*TASK REQUIREMENTS*
There should be no pictures in your answer, only an exact copy of the lines from the one with "APT HAND SAW" through the end of the material.

*DATASET CONTENT*
[Start of section]
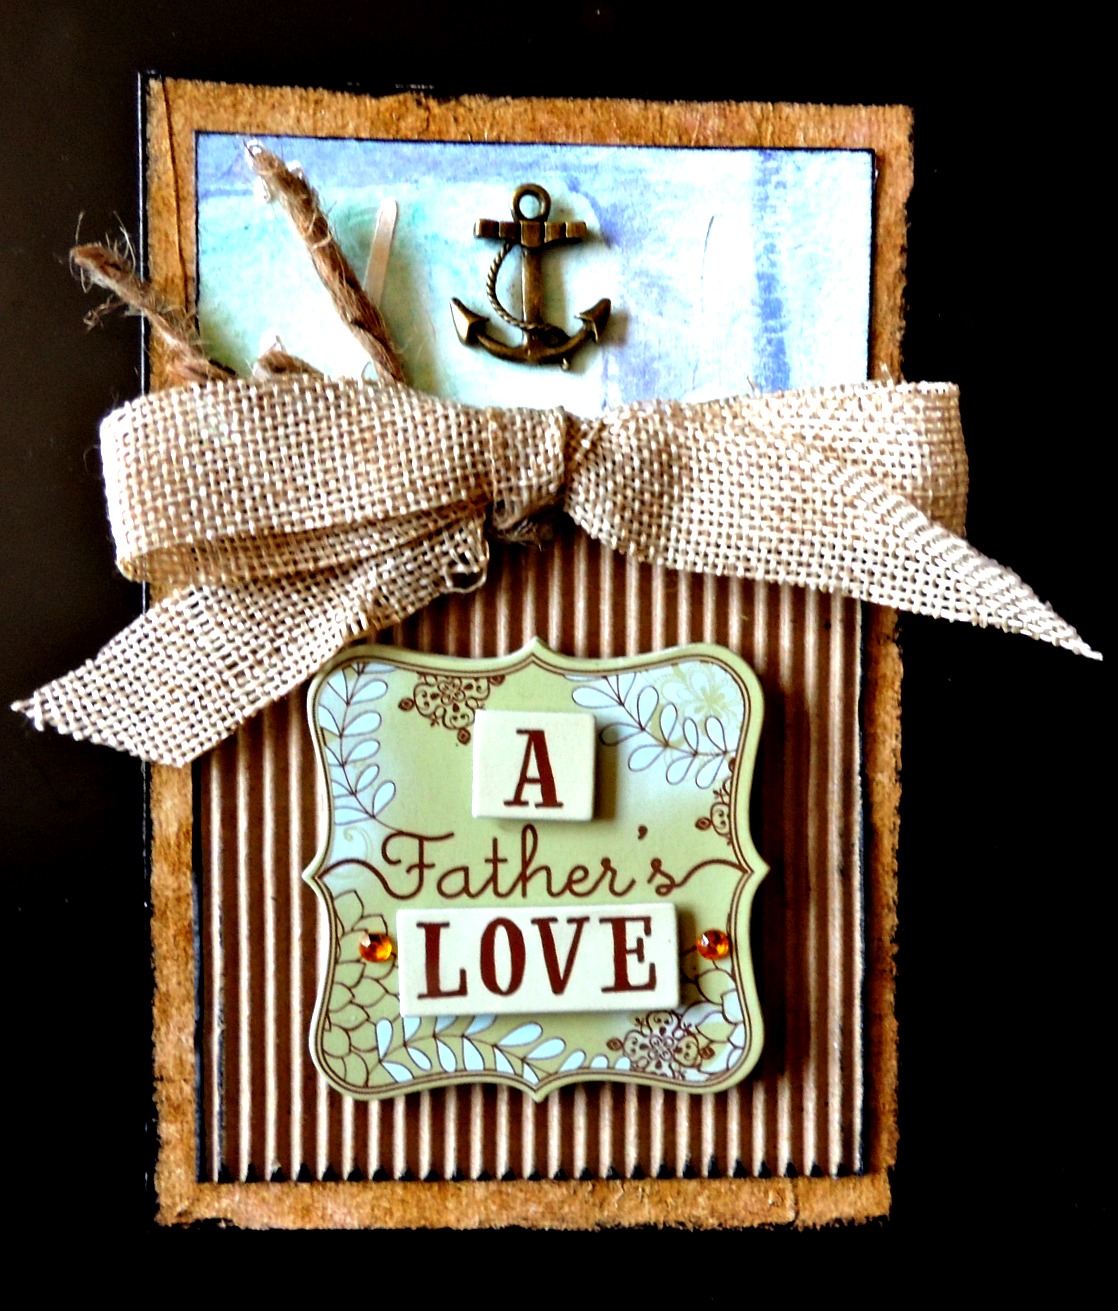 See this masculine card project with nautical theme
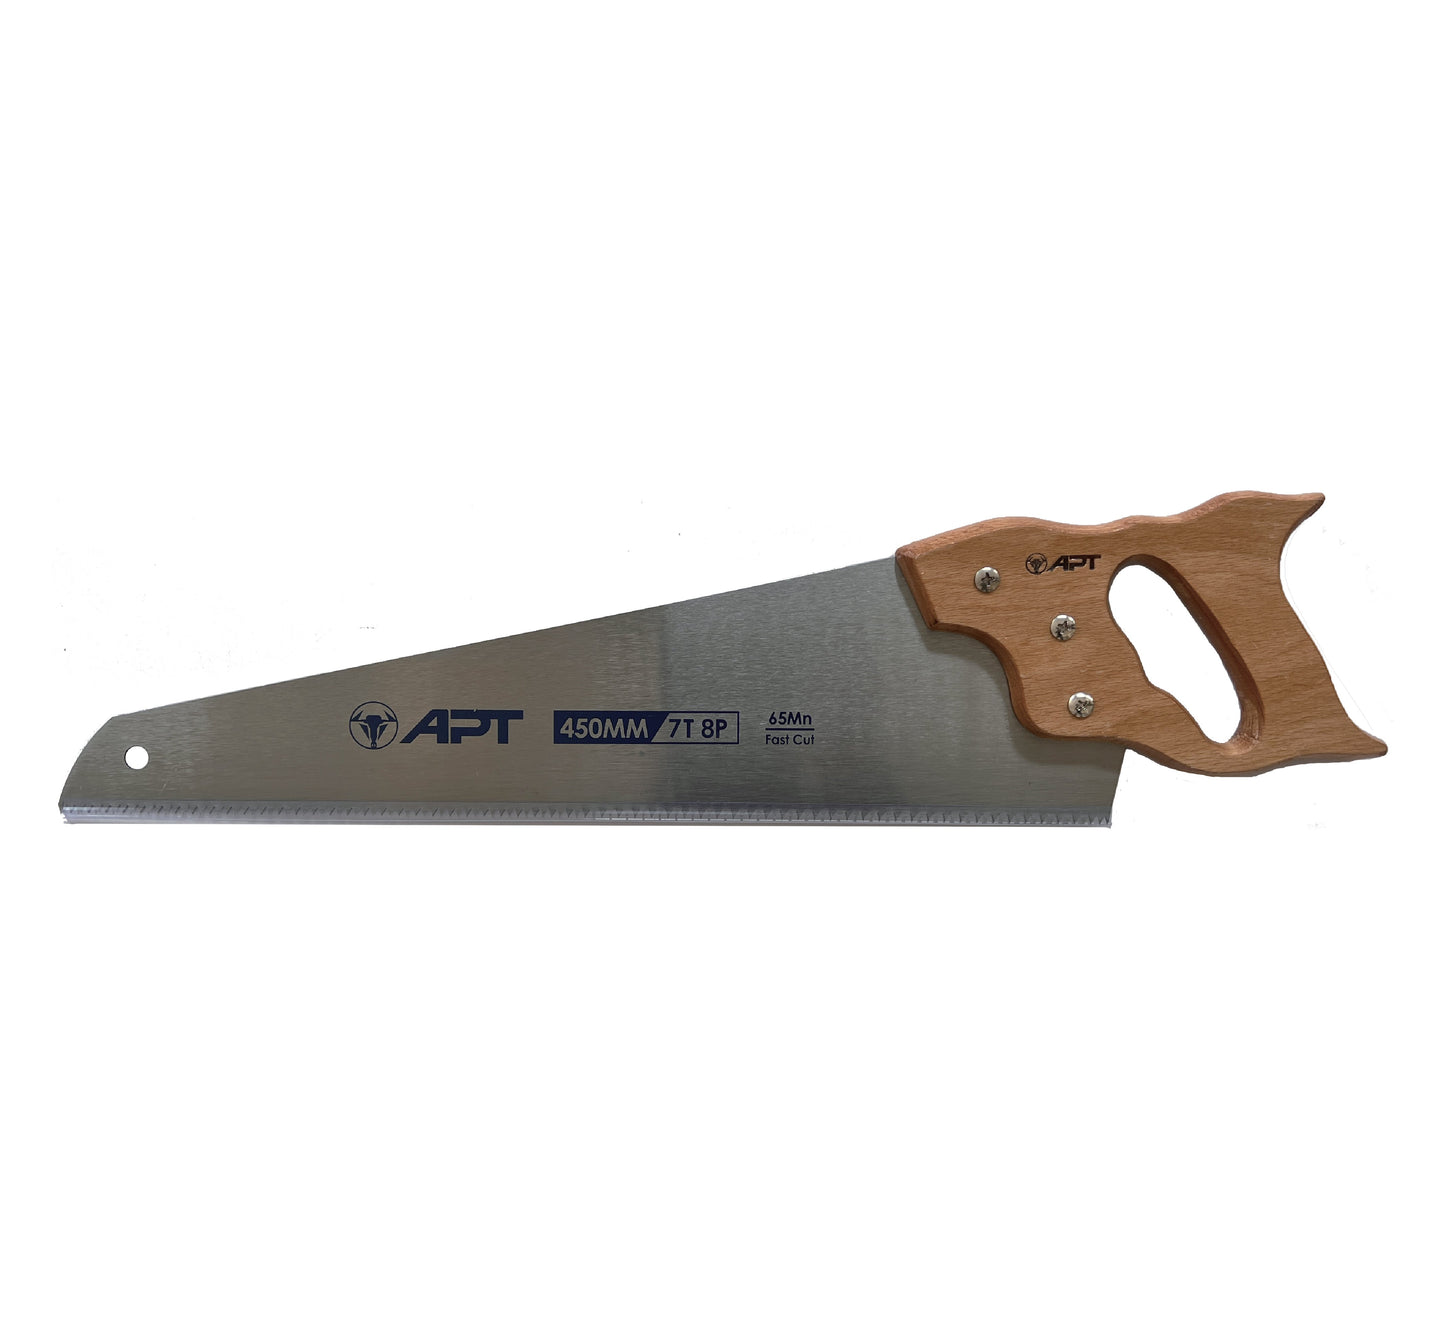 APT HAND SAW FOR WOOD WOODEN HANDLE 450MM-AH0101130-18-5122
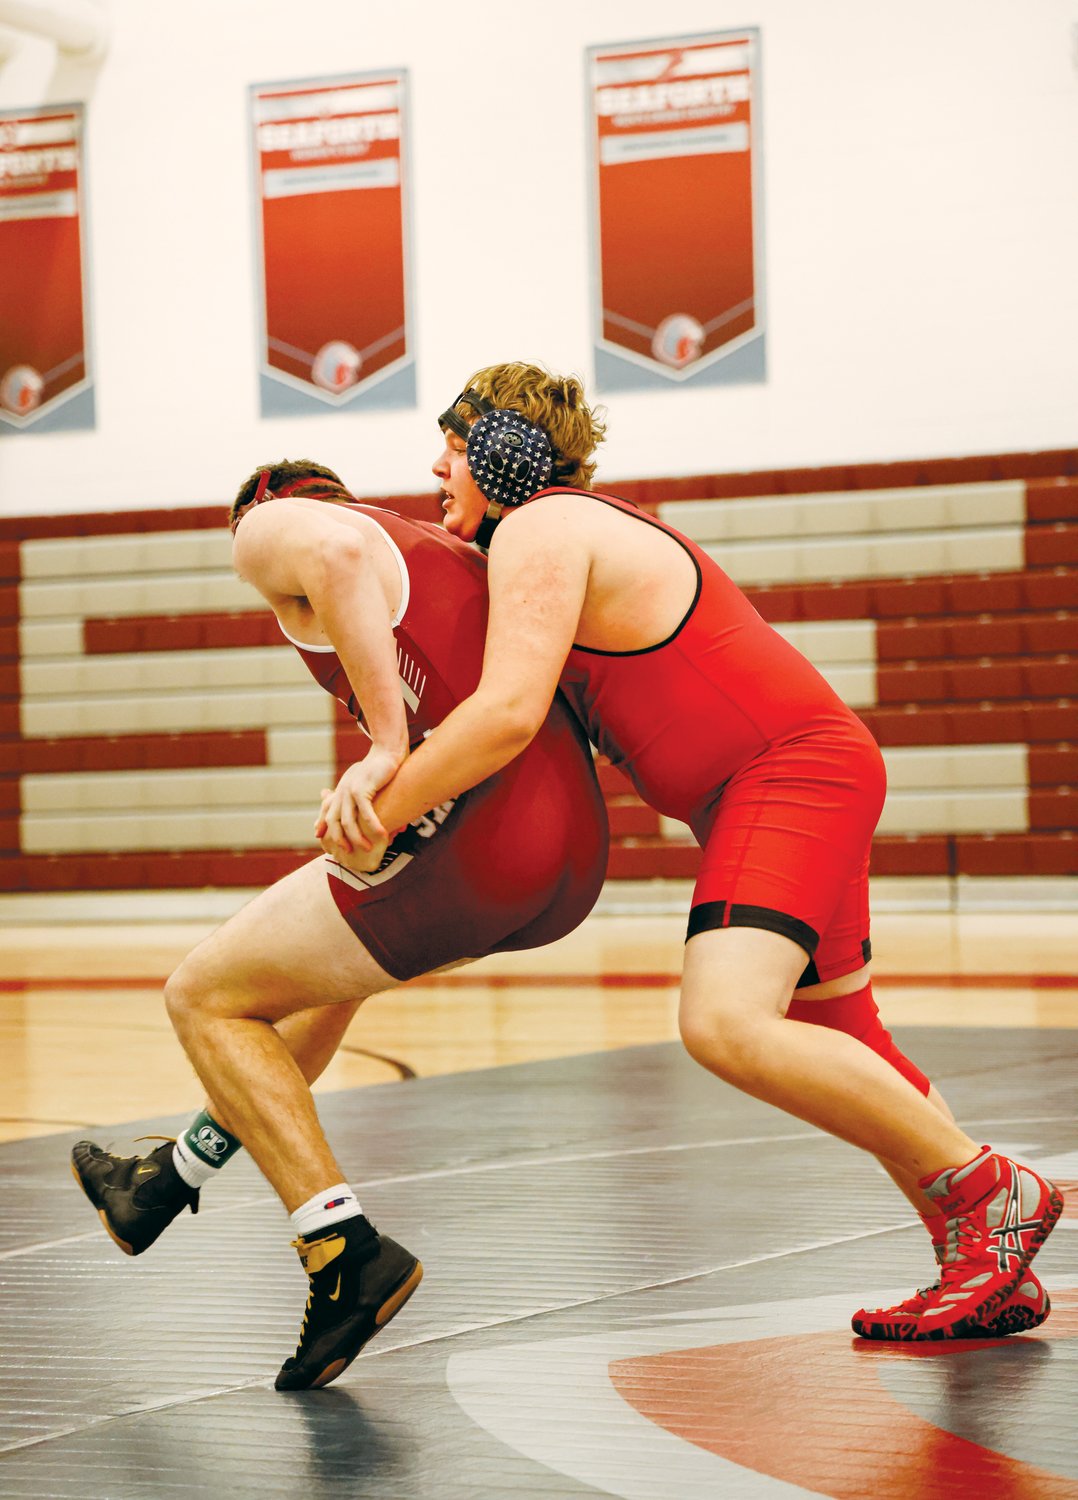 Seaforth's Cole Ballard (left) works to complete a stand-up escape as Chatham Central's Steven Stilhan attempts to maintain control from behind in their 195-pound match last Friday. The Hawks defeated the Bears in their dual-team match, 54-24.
[End of section]
*ANSWER SECTION*
 APT HAND SAW FOR WOOD WOODEN HANDLE 450MM-AH0101130-18-5122
 Seaforth's Cole Ballard (left) works to complete a stand-up escape as Chatham Central's Steven Stilhan attempts to maintain control from behind in their 195-pound match last Friday. The Hawks defeated the Bears in their dual-team match, 54-24.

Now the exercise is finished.